A sustentável leveza do campo

A cabeça pesada, as costas a doer, os pés apertados numas sandálias que não apertam mas que não as havaianas que usei nas últimas três semanas, o vestido que não é formal mas também não é de ir à praia ou de andar no campo, despreocupada com tudo, o cabelo despenteado escondido com um lenço, o sol a queimar-me a cara, o filho a saltar à minha volta, poder deixá-lo correr à vontade, a praia, as ervas para arrancar, a enxada, até isso parece fácil agora que regressei ao trabalho. É o que as férias têm de muito mau - o regresso. E o tempo que levamos a esquecer que as tivemos, coisa que deve acontecer entre amanhã e depois. 

Não sei se será bem das férias, se da vida que levamos na cidade, não sei se o ar por aqui é mais pesado, mas por aqui parece que me custa mais fazer as coisas. Levo comigo quilos - daqueles antigos, de pesar a fruta e os legumes - sempre que tenho de ir ao supermercado e à mercearia, tudo me custa, parece que tudo faz falta, vou porque preciso de duas coisas e trago 20, tal é o sacrifício de andar ali metida, confusão de carrinhos, de vozes, de músicas, de gente de ar cansado, de mim saturada e ar de enfado, a vontade de chegar depressa a casa. 

Se tivesse de ponderar os pós e os contras, dificilmente iria viver de vez para o campo. É o que sucede com a hipótese de ser "mãe a tempo inteiro". Tenho a certeza de que não me sobraria tempo, de que teria o dia todo ocupado, admiro imenso as mulheres que são, mas pesados todos os prós e os contras, acho que não conseguiria. Mas algo existe de errado nesta nossa vida em que parece que andamos sempre a correr, em que o tempo nunca chega para tudo, tanta roupa, tanta pose para nada. Cada vez mais gente se muda para o campo, a internet realmente permite que trabalhemos em praticamente qualquer lugar, a nostalgia que por aí abunda também está relacionada com isto, tanto andámos, tanto julgámos ser capazes de fazer que agora olhamos para trás e vemos as vantagens de ter a família por perto, nem que seja a buzinar-nos nos ouvidos. Poder deixar o miúdo e ir arejar, ir visitar o avô, dar atenção à avó, até suspirar porque as conversas não nos interessam, o tempo está assim e diz que amanhã vai mudar, mas aquelas nuvens mostram outra coisa, fulaninho que fez aquilo e aqueloutro, no meu tempo é que era, deixa o menino, ralha ao menino, ai que menino, parece que está sempre tudo e errado mas elas estão ali para ajudar, e ajudam muito.
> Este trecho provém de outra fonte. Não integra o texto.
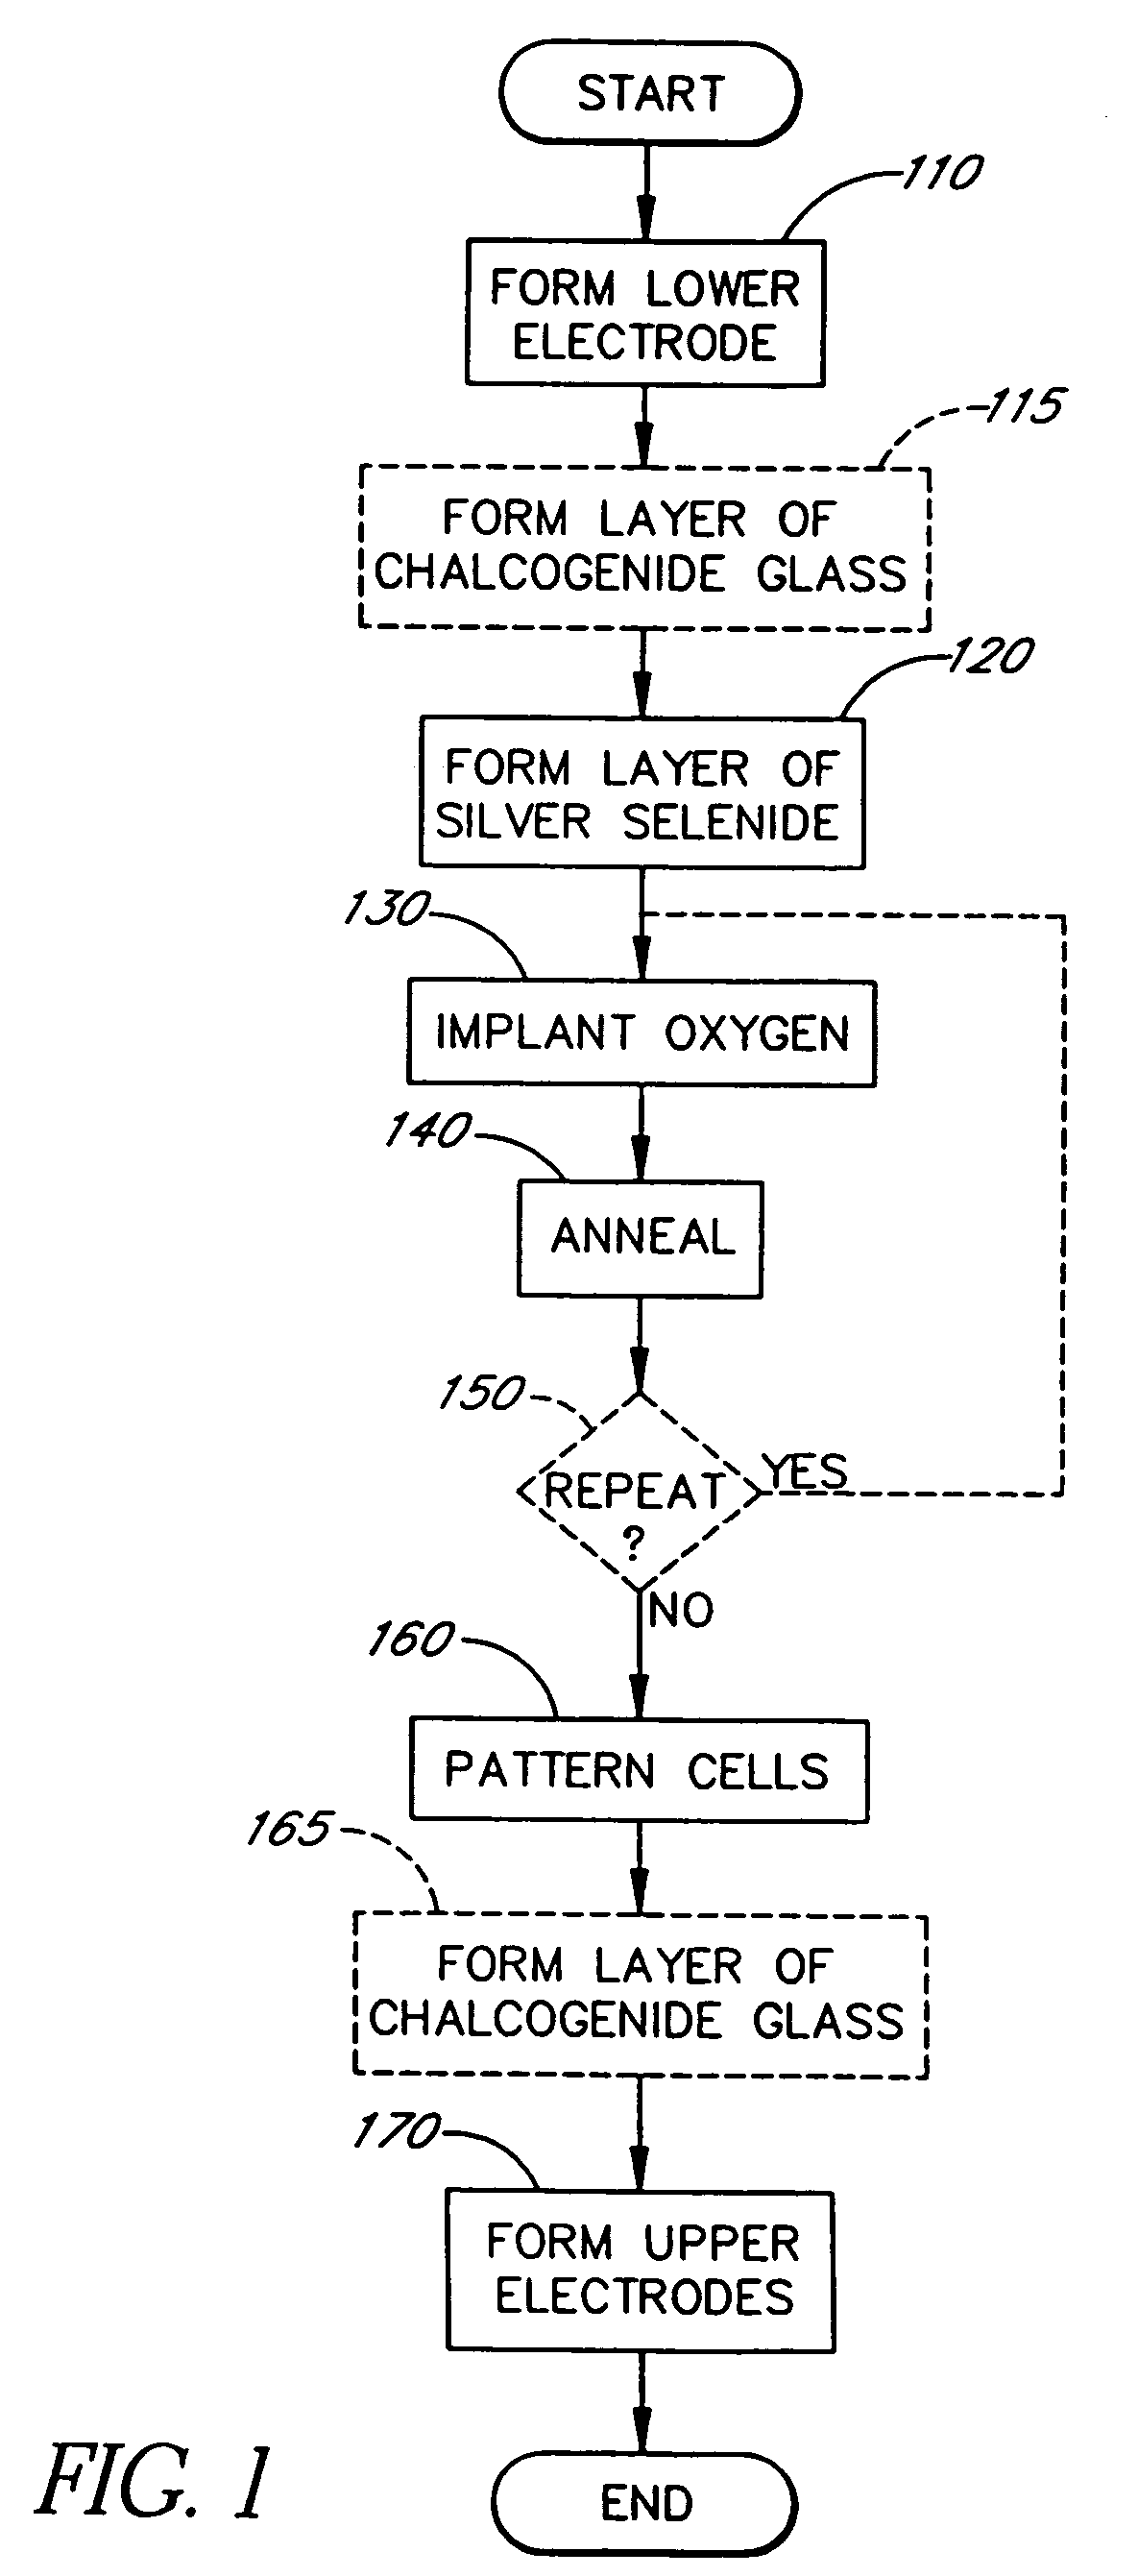 Methods to form a memory cell with metal-rich metal chalcogenide

Os mais velhos falam de tudo como se não falassem de nada. Nós complicamos. Falamos de nós, dos nossos projetos, das nossas ideias, das nossas ambições e frustrações. Sempre nós. No fundo talvez o mesmo vazio das conversas na soleira da porta, ai as costas que doem, a mim também e tenho 36, antes me doessem mais os braços de andar com a enxada nos braços, ao menos assim era justificado, e no fim aquele cansaço bom, os músculos moídos e doridos, cair na cama e não pensar em nada. Acordar no dia seguinte sem planos, apenas andando ao sabor da meteorologia e do que apetece, nada de compromissos, pensar apenas no imediato, apanhar as peras que já estão maduras, podar os ramos velhos, tomar banho de mangueira porque está calor, não ter decisões difíceis para tomar, a cabeça fresca sem precisar de apontar tudo no telemóvel para não esquecer, como se fosse o cérebro de um pardalito esquecido, andar sem pensar, apenas fazer.